Onboarding New Engineers My Recipe

Posted on Jul 22, 2020

Onboarding new people to the team is a challenge. Making sure they have a good experience and are set up for success can be quite a hurdle.

If you think about it for a second, being a new engineer on a team (any team), is such a challenge. There are so many things to need to learn, systems to read about, culture to fit into, intimidating right?

Over the years, I found a way to deal with this that works for me (and my teams). I thought it’s worth a post.

First 30 days

No pressure 30 days

The first onboarding conversation I have with a new employee, I specifically mention a no-pressure 30 days. There is a lot of pressure to “prove yourself” in the first few weeks, this can lead to rush in learning. There is no need for that.

When we hire, we hire for the long run, we don’t hire for 3-4 months, there’s no need to rush into it.

I find this approach useful. It takes the pressure off and allows the person to focus on learning, focus on the style of coding, focus on reading docs, etc.

No question is stupid, no question is off-limits

We have an open culture. New people tend to ask a lot of WHY questions. “Why do we do X?”, “Why do we need Y?”.

Internally, in the team, I make sure people don’t feel attacked by these questions, there’s no personal attack, even if we’ve been doing something for a long time or this was your original design, there’s no harm in these questions (If they are asked in a respectful way).
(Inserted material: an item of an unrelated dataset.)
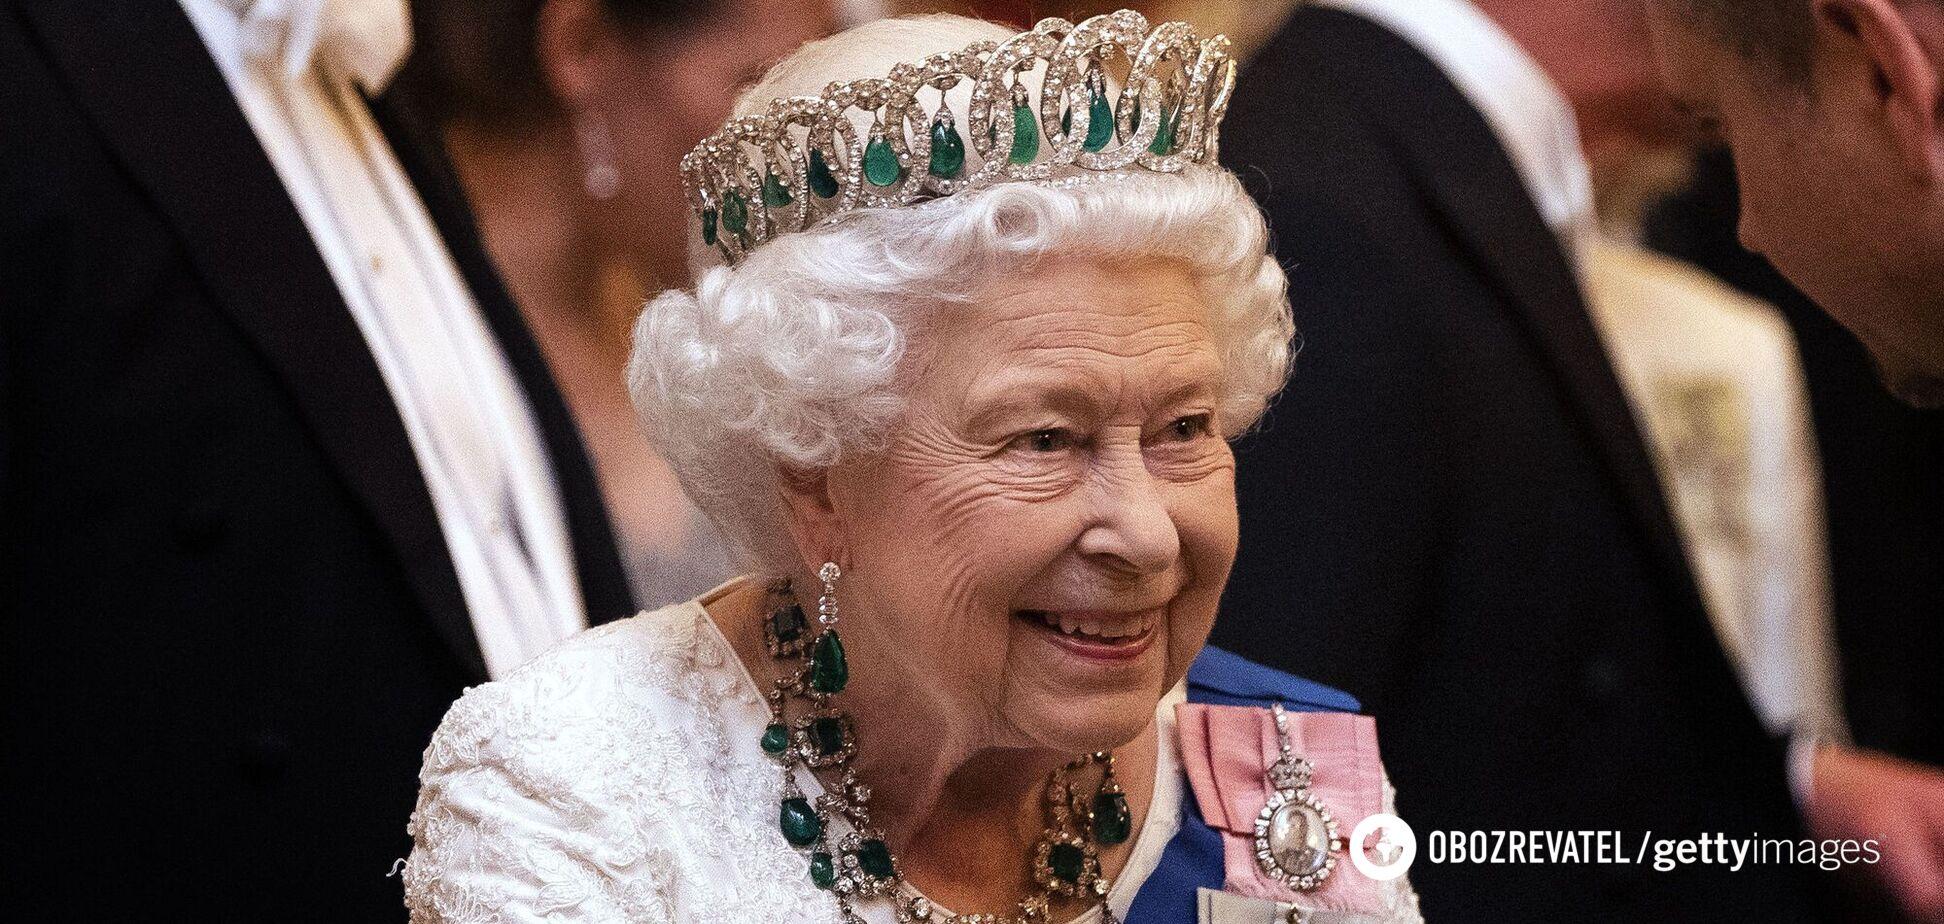 Єлизавета II вперше вийшла у світ після смерті принца Філіпа. Фото

We have an internal channel on Slack, in there you can feel safe to ask any question about any subject. We find that these questions are the ones where we learn the most about the way we do things and fix a lot

Offer alternatives

The person is encouraged to offer alternatives, if the alternative is actionable, they are also encouraged to work on it right away.


In our Jira we have a label called low-hanging-fruit. Those are tickets that are easy to pick up start to finish.

Those tickets only touch a single service or a simple integration between two services. The description is detailed enough to not raise a lot of questions.

We assign a few tickets in the first week, across multiple parts of our stack. This allows you as a new engineer to get familiar and comfortable with parts of the system without the risk of over-reaching.

The spreadsheet

For your first 30 days, we have a self-tracking onboarding spreadsheet. This is something that was implemented by our HR and it is useful for the new engineer and other people on the team.

The spreadsheet is simple, it tracks goals, actions and responsible parties.

For example:

  • Goal: Familiarize yourself with the deployment pipeline
  • Action: CI overview
  • Responsible party: SRE manager.

The sheet is divided into weeks (4 in total), the new engineer is responsible to tracking the goals and reaching out to the parties. Everyone is aware that this is the structure so you’re not surprised when they reach out to you.


Your career is my job

After the first 30 days, we plan 30/60/90.

The reason I chose to do it this way is that in the first 30 days, you find what is the person good at, what they want to work on, and so on.

We then plan the next 30,60, and 90 days. With clear goals, improvements, things to work on. We track it in every 1:1.

The sentence in the title here is something I repeat a lot. Your career is my job. My goal is to make sure you are always advancing, always developing, making sure you learn what you want to learn and work on your growth.


For teams like mine, I find the method described above works well. Especially if the people next to the new engineer truly care and participate in the process.